One may also configure one time changes to the alarm limits, by selecting One time instead of Yearly (holiday) from the Repetition type dropdown list:

These schedule parameters can also be combined with ordinary active schedules inside the same schedule object. The following figure shows an example of an active schedule which defines business hours for alarming and also specifies that Good Friday and Easter Monday are to be trated as Sundays for adaptive alarm limit calculations:

Fixing job values with wrong or missing measurements

Sometimes a job's values have been tainted by misconfiguration on the job's parameters (e.g. a wrong value was selected leading to extremely high or low values) or due to the job not having been active and measuring when it should have. In the following example a job was not doing any correct measurements anymore since somewhere around October 6th. The incorrect values negatively impact the statistics calculation: 

In such a case, data can be invalidated. In the example above, the time range between October 6th and October 14th will be invalidatedd and not considered for adaptive alarm limit calculation anymore.

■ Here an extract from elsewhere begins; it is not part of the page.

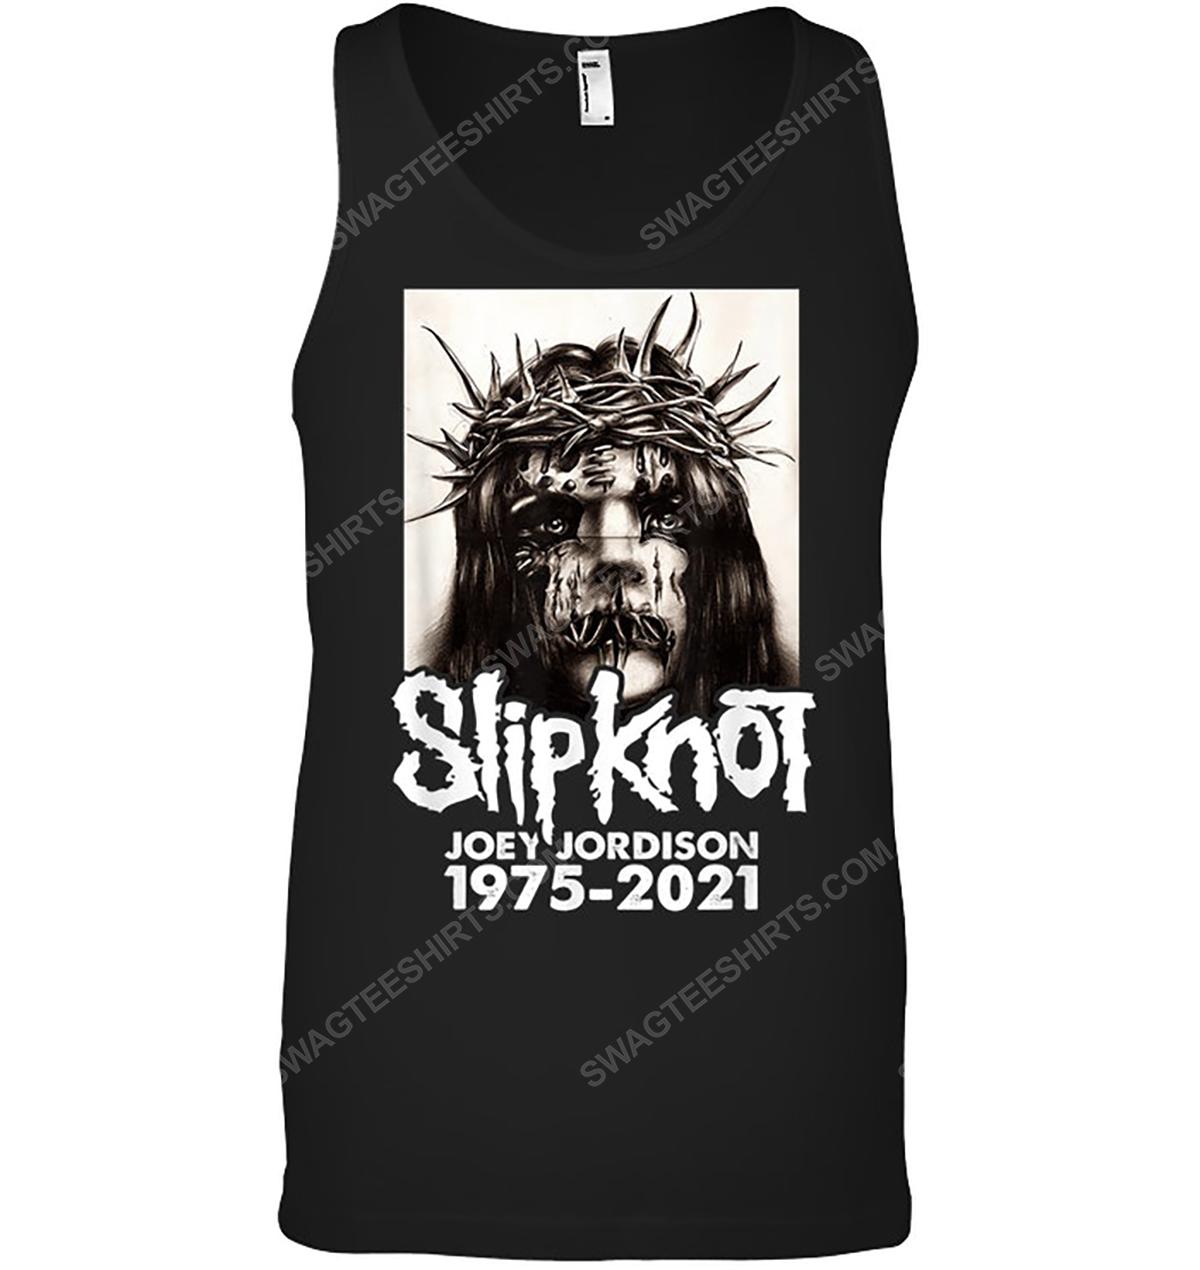 Rock band slipknot joey jordison 1975 2021 tank top 1

The reqired time range may be specified in the time selector below the graph: 

 

Two buttons will be visible below the selector, one to invalidate and one to validate data in the selected time range:

 

After Invalidate or Validate was clicked and confirmed, the time selector shows the respective time ranges with red marks: 

 

Also, the Recalculate prediction data button becomes visible. This button must be clicked to calculate the prediction data with the changed values:

Targets

A special type of alarm limit available in the SKOOR Engine is called Target. The purpose of it is to display a target line in a value history of a dashboard. To set a target value, click the Targets tab in the alarm limits edit window:

Click the + button and choose one of the available values from the dropdown. After that, the desired value can be set in the respective field, 5000 in the example above. The following value history widget shows the configured target as dotted line, starting from the time it was configured. Targets, like alarm limits, are time-dependent. This way, value histories can always be displayed with their alarm limits and targets they had in a certain point of time.